Solvatara Trabia Tallarita
Poco dopo ebbe inizio una crisi irreversibile che, un po' alla volta, ha determinato la completa cessazione di ogni attività lavorativa e l’abbandono traumatico di un patrimonio ingente, ancora oggi riconoscibile nelle strutture obsolete degli impianti dei bacini minerari. Le zolfare siciliane furono fonte di sostentamento per le popolazione, ma, principalmente, causa di sofferenze, tragedie e lutti.
L’estrazione dello zolfo dalle viscere della terra fu possibile solo grazie al lavoro massacrante e disumano di uomini e, ancor di più, ragazzi, i cosidetti “carusi”, che cominciarono a lavorare in miniera fin dalla più tenera età: partivano all’alba e tornavano con il buio, restando sepolti vivi per tutto il giorno.

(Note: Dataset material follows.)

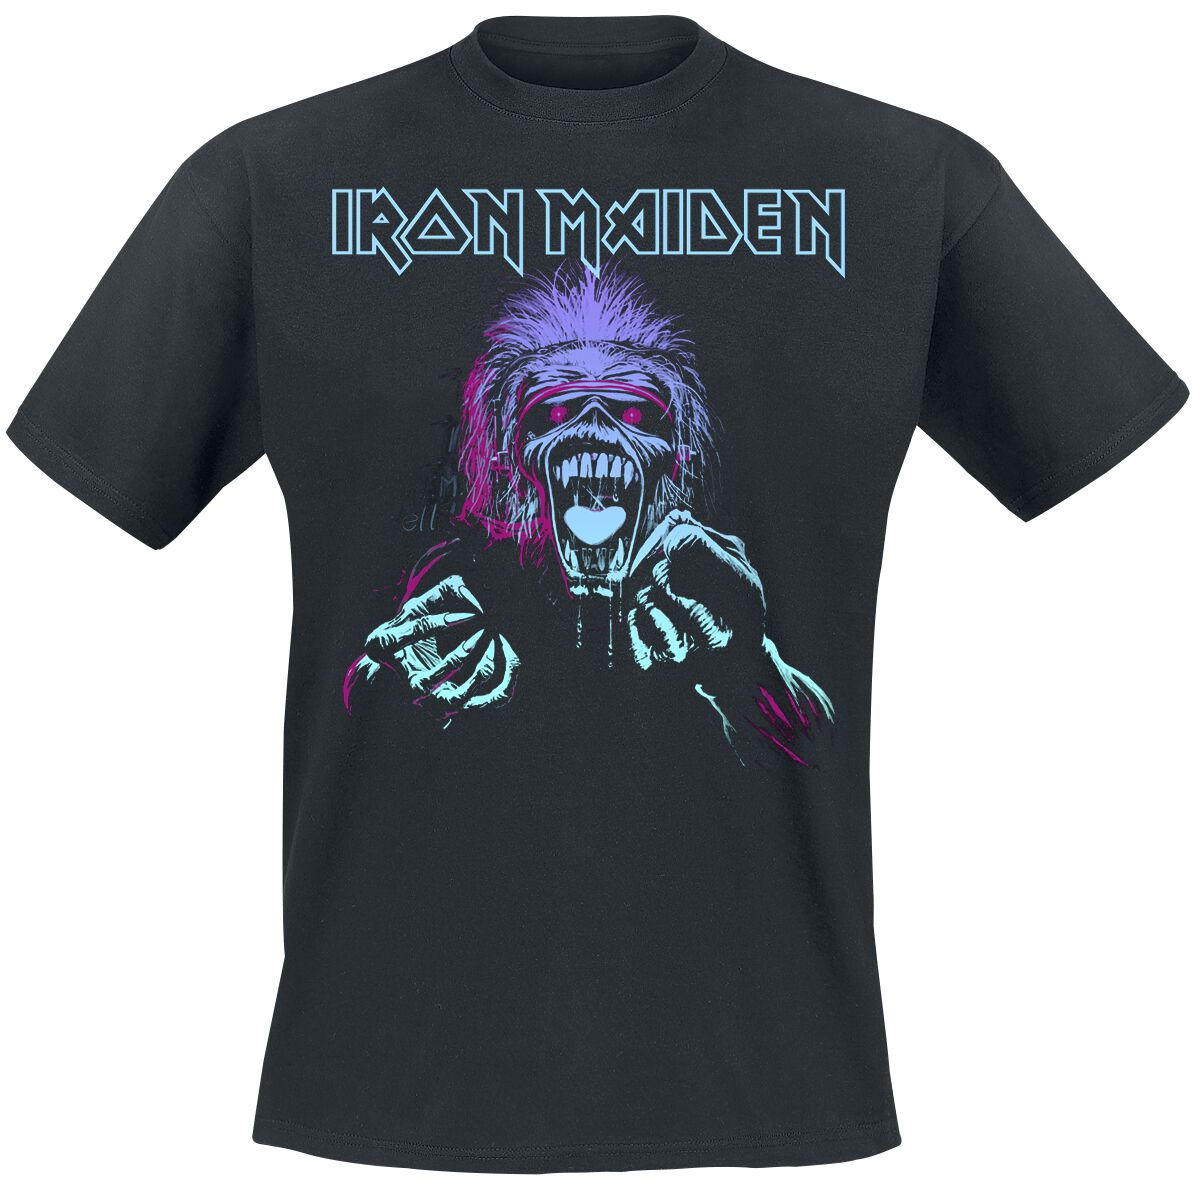 Iron Maiden T-Shirt - Pastel Eddie - S bis 4XL - für Männer - Größe M - schwarz  - Lizenziertes Merchandise!

Lo sfruttamento dei lavoratori e l’assenza di garanzie agli anziani furono fenomeni che produssero grave disagio sociale e giustificati fermenti sindacali. Eppure, la storia dello zolfo in Sicilia non riuscì a liberarsi dalle condizioni disumane con cui si lavorava in miniera.
Percorsi delle Solfare di Trabia - Tallarita
La Soprintendenza per i Beni Culturali ed Ambientali di Caltanissetta si è attivata per salvaguardare e valorizzare una parte significativa di tutto quel patrimonio minerario, che ha così fortemente marcato la storia e la cultura delle nostre popolazioni. Per garantirne la conservazione nel tempo alcuni di questi beni sono stati sottoposti a tutela, ma a ciò non sempre sono seguite iniziative volte alla loro valorizzazione. La miniera Trabia - Tallarita è stata acquisita, tra il 2000 ed il 2003, al Demanio Regionale con un provvedimento dell’allora Assessorato dei Beni Culturali ed Ambientali e della Pubblica Istruzione.
La realtà mineraria della Sicilia centro-meridionale trova nel complesso di Trabia-Tallarita il più grande e ricco giacimento d’Europa, uno straordinario esempio di archeologia industriale, rappresentato in tutte le complesse fasi dell’evoluzione dell'attività estrattiva: dalla “calcarella” al “calcarone”, dal “forno Gill” all’impianto di “flottazione”.
Oggi, nel bacino che insiste nella splendida conca, tra i comuni di Sommatino e Riesi, il senso di rovina avvolge per lo più tutto allo stesso modo, con la stessa amara dignità che la storia ci ha consegnato: i manufatti da cui nasceva la produzione (forni Gill, calcheroni), le case degli operai, gli edifici destinati alla dirigenza, ai padroni, ai carabinieri, la chiesetta. L’unica grande struttura recuperata è l’ex Centrale Elettrica “Palladio” con gli annessi locali, grazie ad un intervento progettato dalla Soprintendenza di Caltanissetta, con fondi del POR Sicilia 2000-2006 e per un importo di circa 5.500.000,00 euro.
Dopo sei anni di intenso lavoro è stato completata l’opera di riqualificazione e finalmente oggi vengono restituiti alla pubblica fruizione i “Percorsi delle Solfare di Trabia - Tallarita”.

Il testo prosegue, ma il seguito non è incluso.